Why do teeth crumble?
Quite often, at a certain period of their life, a person, noticing problems with their teeth, begins to wonder why their teeth are crumbling. This can happen against the background of systemic pathologies, pregnancy, after moving to an industrial city, taking up a responsible position in a large institution. Also serious factors are: low stress resistance of a person, excessively slow adaptation to new circumstances, difficult family circumstances. Given the versatility of the concept of "crumbling teeth", let's consider the most common causes of this problem.
Caries, pulpitis and depulpation of teeth
One of the most common causes of tooth decay is caries. The carious process is the demineralization of hard dental tissues. The causative agents of this disease are considered to be streptococci of the cariogenic group (Str. Mitis, Str. Sanguis, Str. Mutans and Str. Salivarus). After the appearance of plaque, the above-mentioned microorganisms begin to multiply in it. As a result of active life, streptococci secrete various metabolic products, enzymes, toxic substances. As a result, the mineral components of the tooth "dissolve", which leads to the appearance of a demineralization spot, then a defect, a cavity and, finally, total destruction of the tooth. Risk factors for the development of the carious process are poor oral hygiene, reduced intake of micro- and macroelements (especially phosphorus and calcium), diseases of the gastrointestinal tract, endocrine and nervous systems, salivary glands, etc.
Clinically, caries may be unnoticeable, or, on the contrary, attract all the attention of a sick person. Everything depends on the stage and type of pathological process. The first signs of caries are the appearance of a chalky spot on the tooth. Since tooth enamel normally has a natural glossy shine, caries at the spot stage will be visually determined, since it has a matte surface. Of course, we are talking only about those cases when the pathological process is on the visible parts of the tooth. Most often, this is the labial surface of incisors, canines and small molars. In other cases, patients rarely notice focal changes in the color of the tooth. This is also due to the fact that the initial form of caries is not accompanied by pain.

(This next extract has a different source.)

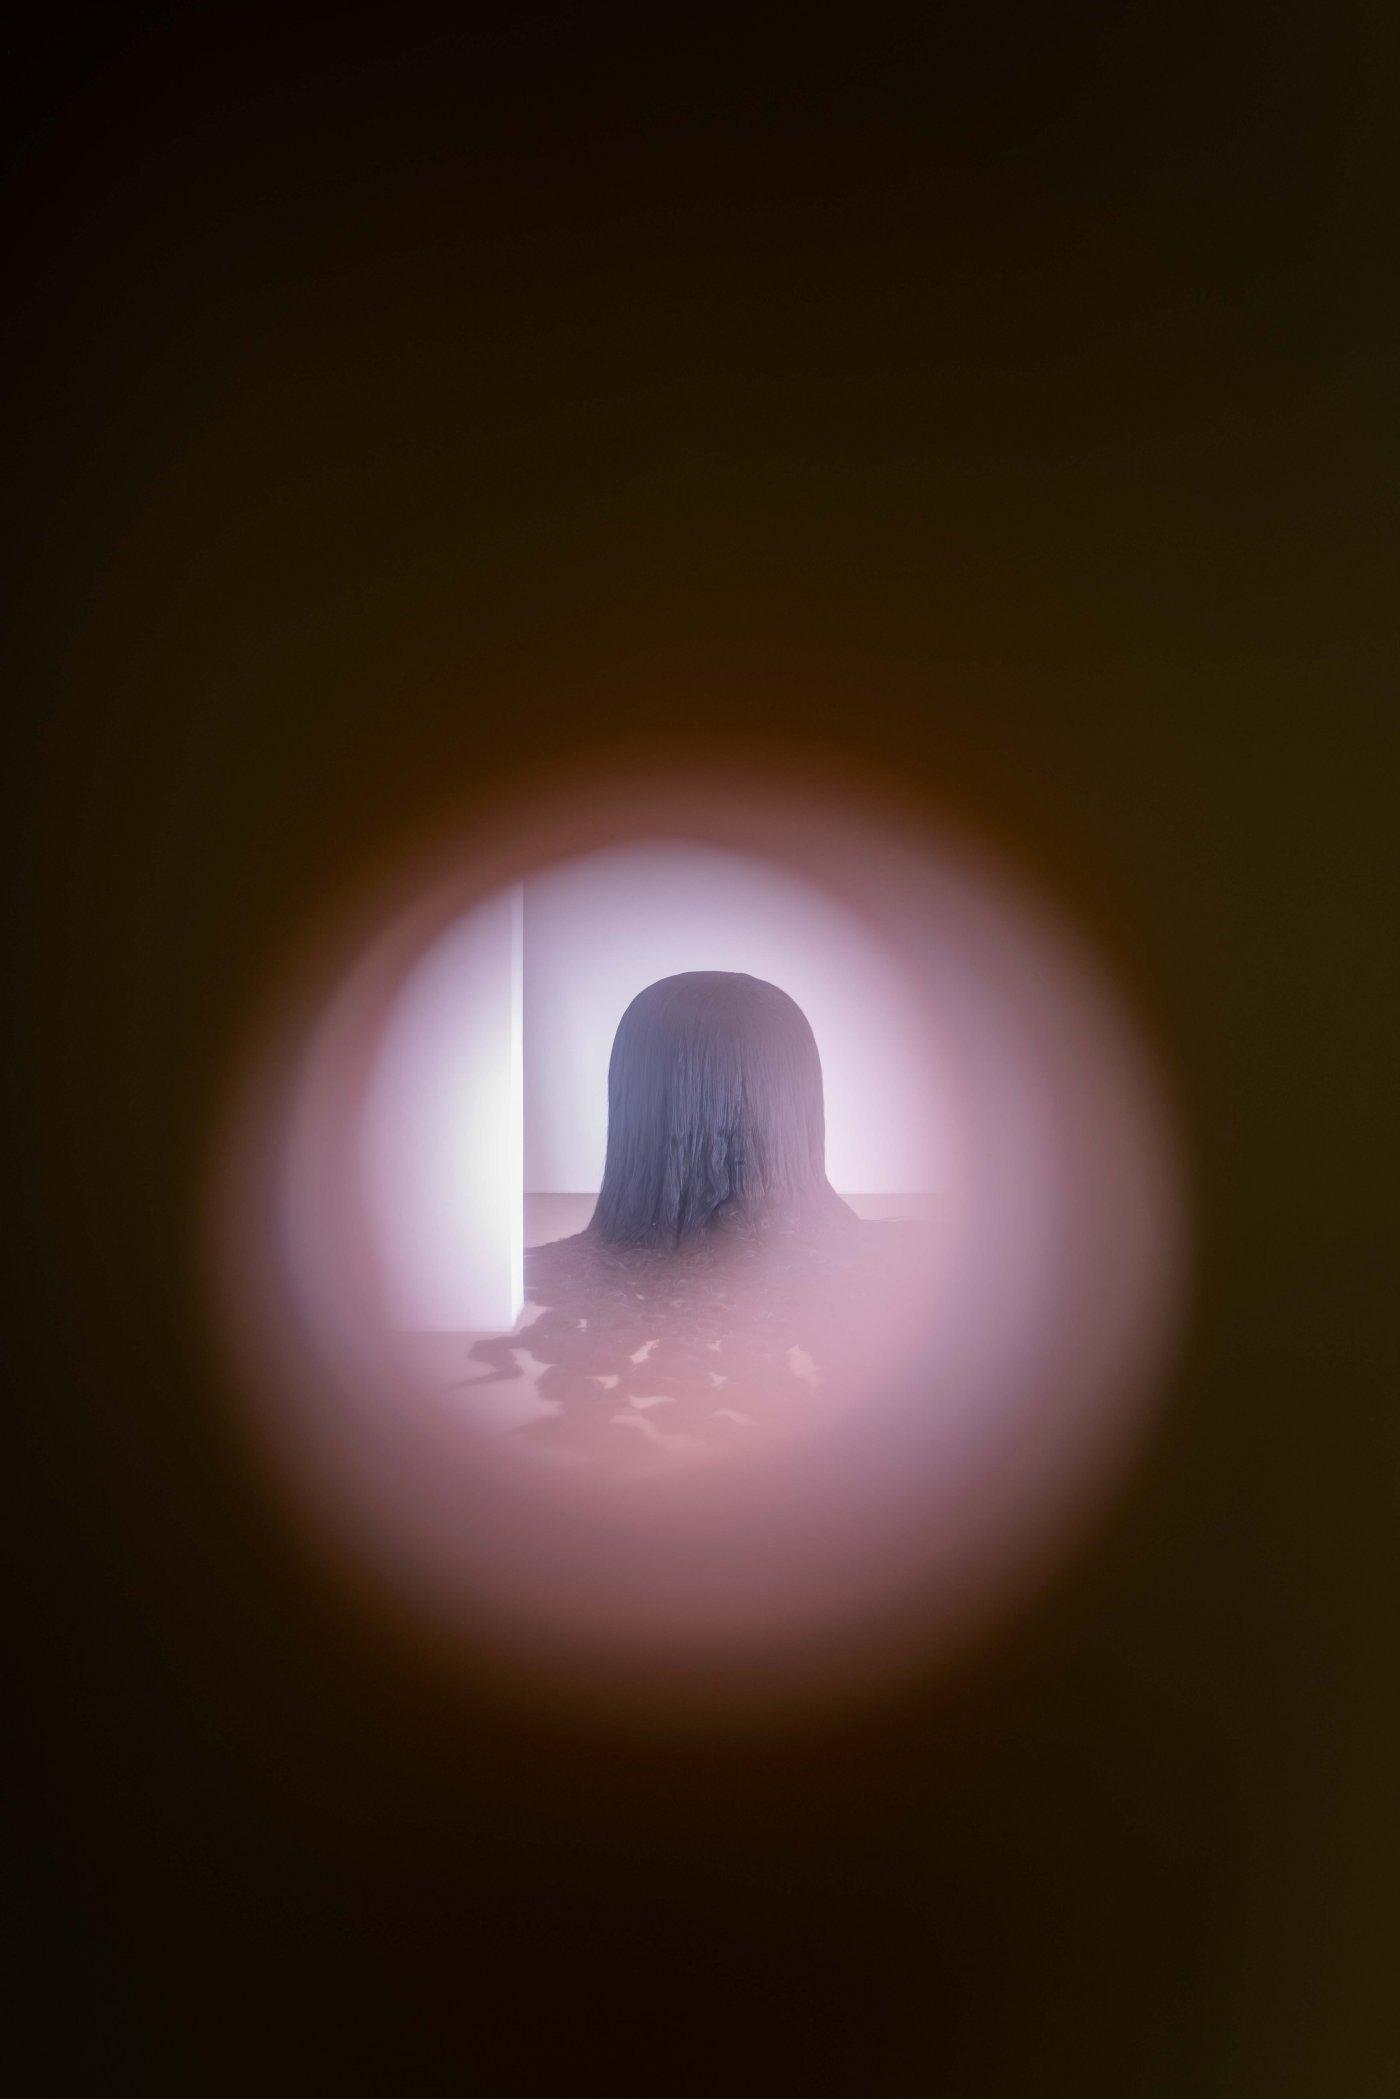 Galerie Chantal Crousel Dominique Gonzalez-Foerster 6
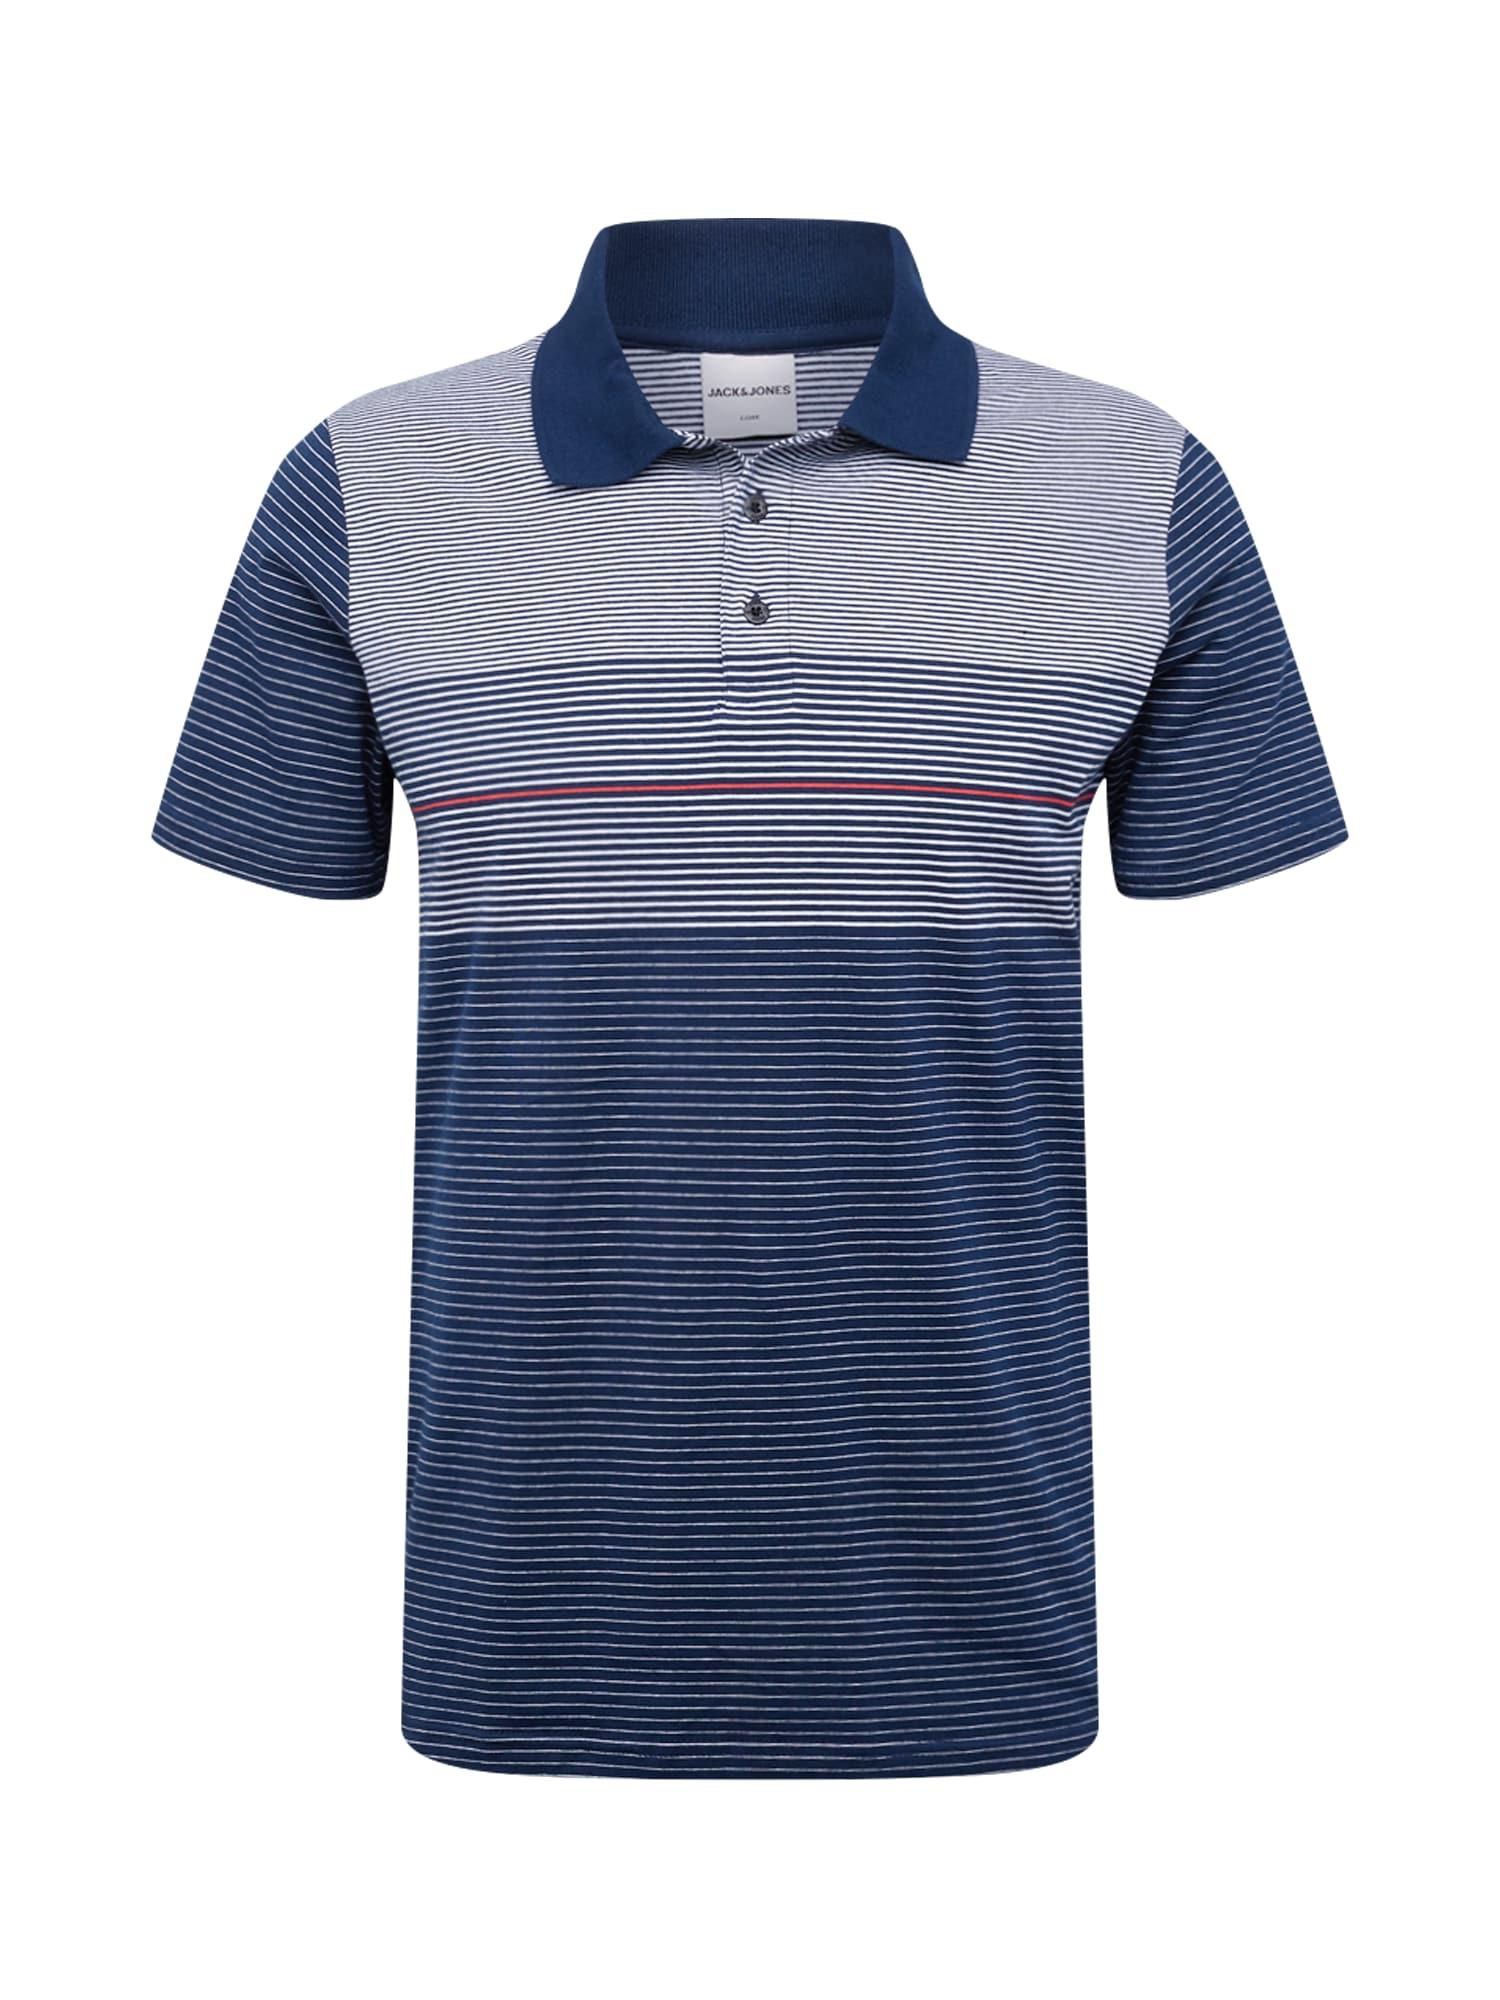 JACK & JONES Tričko  námořnická modř / bílá / korálová

Superficial caries implies the presence of a defect in the tooth tissues. This stage of the carious process is accompanied by painful sensations, but massive destruction of the tooth tissues is not determined. Therefore, a visit to the dentist, careful removal of the affected tissues and the installation of a high-quality filling can stop the progression of the pathological process in this tooth for many years.
Medium and deep caries are stages of the carious process, in which demineralization of hard tooth tissues with noticeable loss of tissues of the crown of the tooth most often occurs. In some cases, caries begins in the distal (back) areas of the tooth crown, after which it spreads deep into the dentin. It is worth noting that in dentin, caries expands its boundaries faster than in enamel. Due to this, in enamel, the carious cavity can be narrow, and in dentin, it can be several times larger than the first. As a result of such imperceptible destruction, a person will at some point come to the doctor and say that his tooth hurts and crumbles for no apparent reason.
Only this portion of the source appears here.